Street photography comes in several flavours. At its most rigorous and exclusive it may appear to be quite random in the selection of subject matter, loose in its framing and reflective of the chaotic nature of day-to-day activities. The more poetically minded photographer might look for visual humour in bizarre juxtapositions, highlighting the incongruities of daily life. The sights, signs and people of the city are key to the character of a place and this can be captured by the inconspicuous photographer.

My own interest lies more in portraits of people in a given context, which is one of the reasons I often photograph street musicians. Where they place themselves to perform is their stage, or at least the photographer can make it so. Shots of this kind are part portrait and part documentary since the individual and their activity are both important in composing a structured image.

The rectangular format is by far the most common, but sixty or seventy years ago, before the rise of the ubiquitous SLR, the 6x6cm square held sway. Cameras like the Rolleiflex offer a different angle of view for the photographer since the camera is generally held at chest height rather than at eye level. Not only is the square an interesting compositional challenge, but the lower viewpoint of a TLR can be very appropriate for shooting in the street.



2009

My involvement in local activities in the UK was gradually starting to increase and I photographed a number of events throughout the year. At this point I was invariably using a Pentax K10D with a 43mm Limited lens whenever I needed to work in colour. One downside of the digital revolution was, of course, the increased cost of processing colour film.

In Wales, street performers include jugglers and face painters as well as musicians. This shot has a special resonance for me as it brings to mind Oliviero Toscani’s photography for Benetton in the 1980s and ‘90s. Not the advertising campaigns as such, but the sharp colour contrasts he used to illustrate collaboration between people of different ethnic backgrounds.



2010

There are many ways to make a portrait. It can be direct or oblique, depending on the relationships that can be observed between the subject and their environment or created between the subject and the photographer. One might wonder at the meaning of a portrait of a person in which the face is not visible. But much as we are attuned to read the face of the subject, there is more in the structure of a portrait than might be read from facial features alone – poise and posture together form a dynamic relationship with the surroundings anchoring the subject in the frame. At its best this can become the three-way rapport to be found at the heart of documentary and environmental portraiture.
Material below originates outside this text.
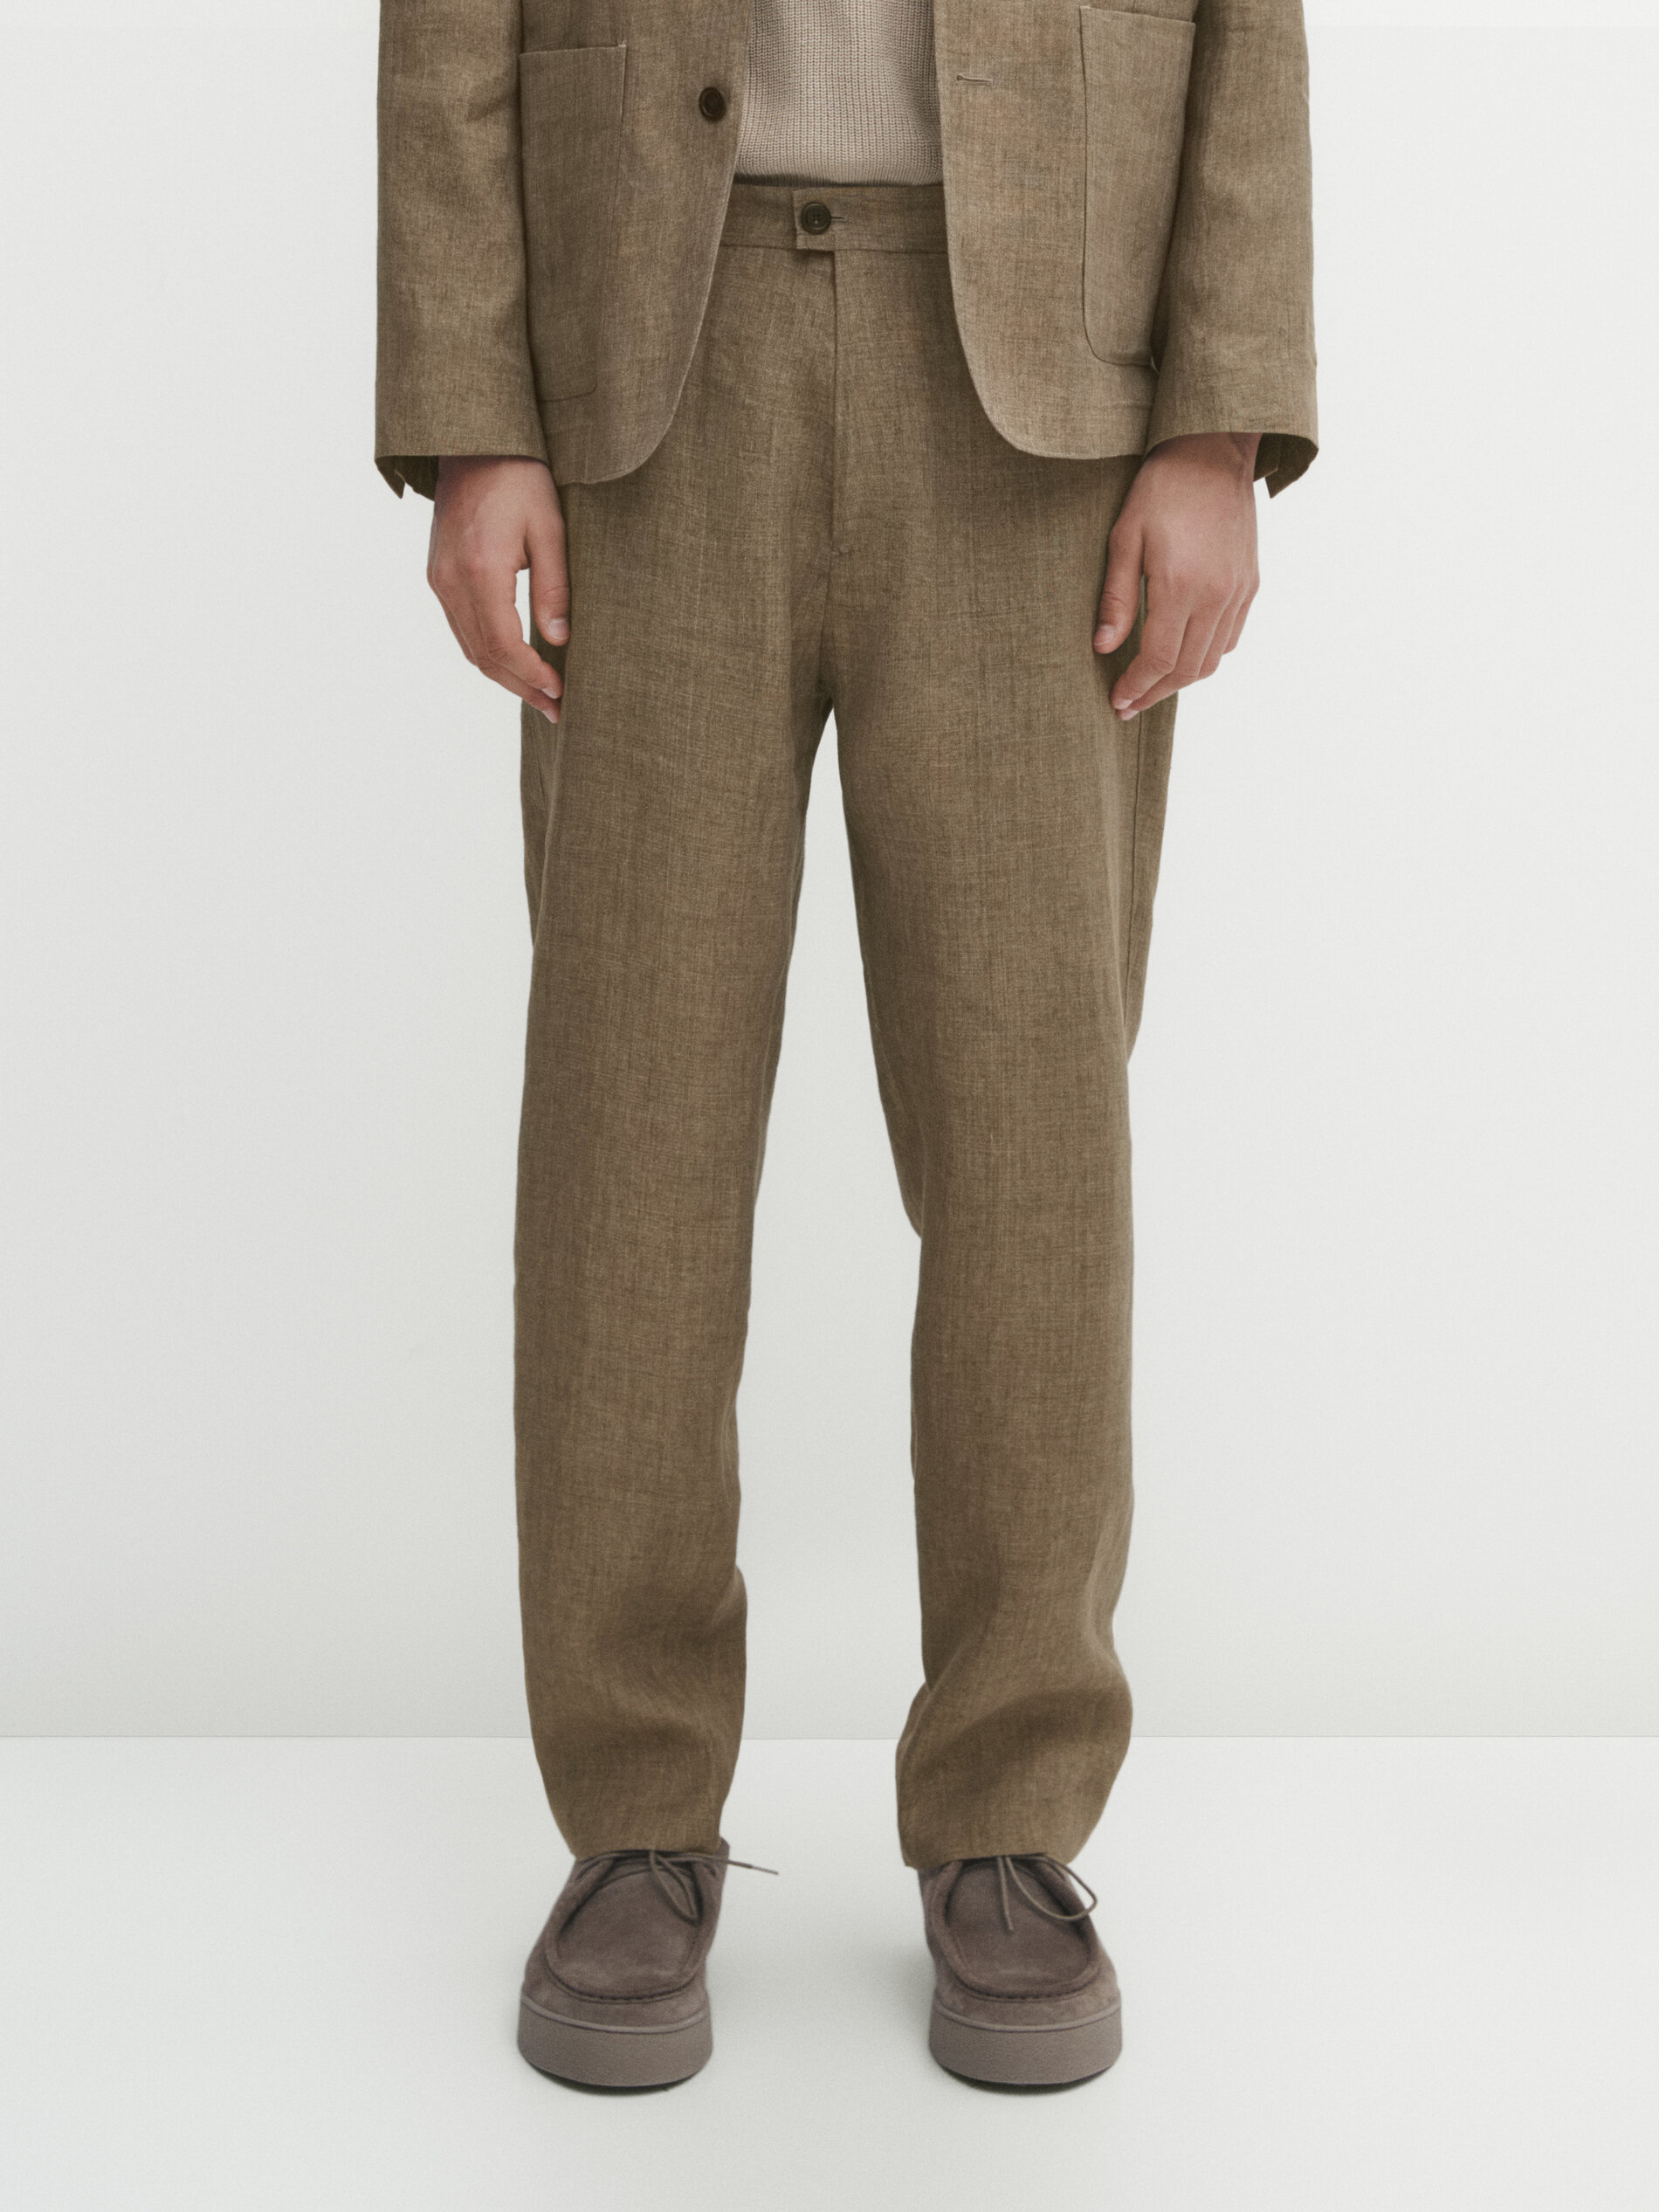 Buy Beige Trousers & Pants for Men by Styli Online | Ajio.com

Choice of kit is important, if only for ease of use. The shot below was taken with a Pentax K7 and the 43mm Limited lens, the crop factor making it equivalent to a 65mm. The sensor on today’s digital SLR is now capable of fully displaying the resolution of the lens, putting it on a par with medium format. And where colour and tone are concerned very fine control is now possible using processing software.
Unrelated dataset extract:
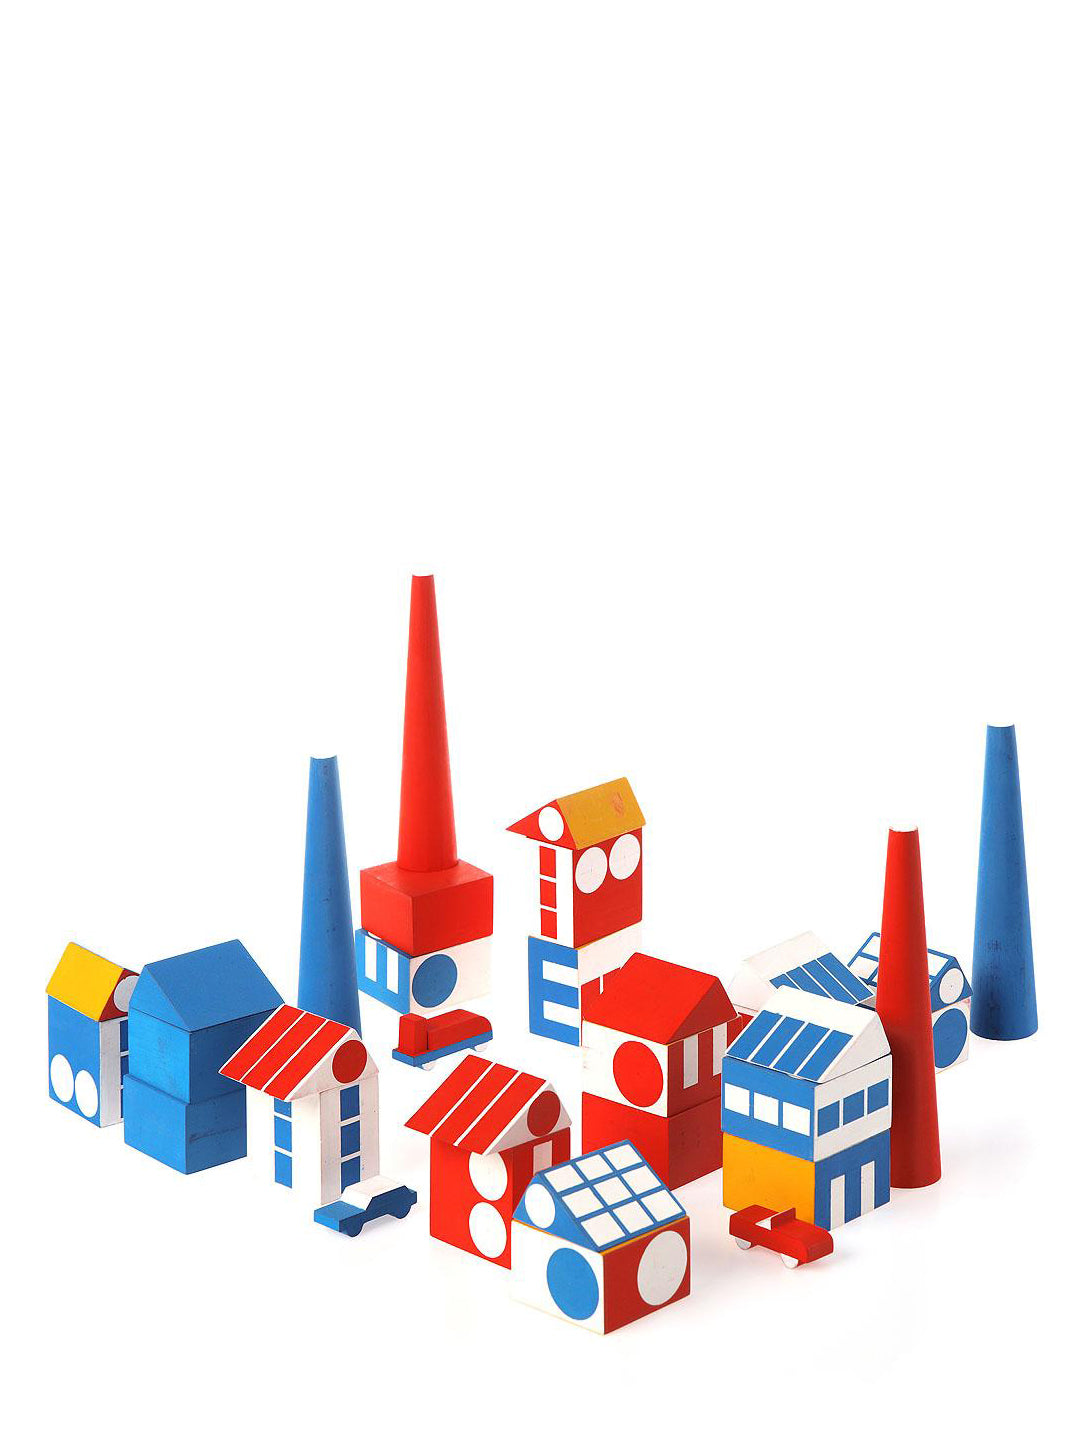 Factory Town building blocks set by Ladislav Suttnar

At the same time, I was also shooting on black and white film, (Fuji Acros) with the Orestor 2.8/100 and a Pentax MZ-5n. Each combination of recording medium and lens has its own signature and technologies that go back a hundred years or more may still find their place according to context of the shot and the vision of the photographer.



For the coming ten years? Well, there’s a range of subject matter and equipment that I feel quite happy with and I’ll continue working with these, unless new challenges demand a different approach.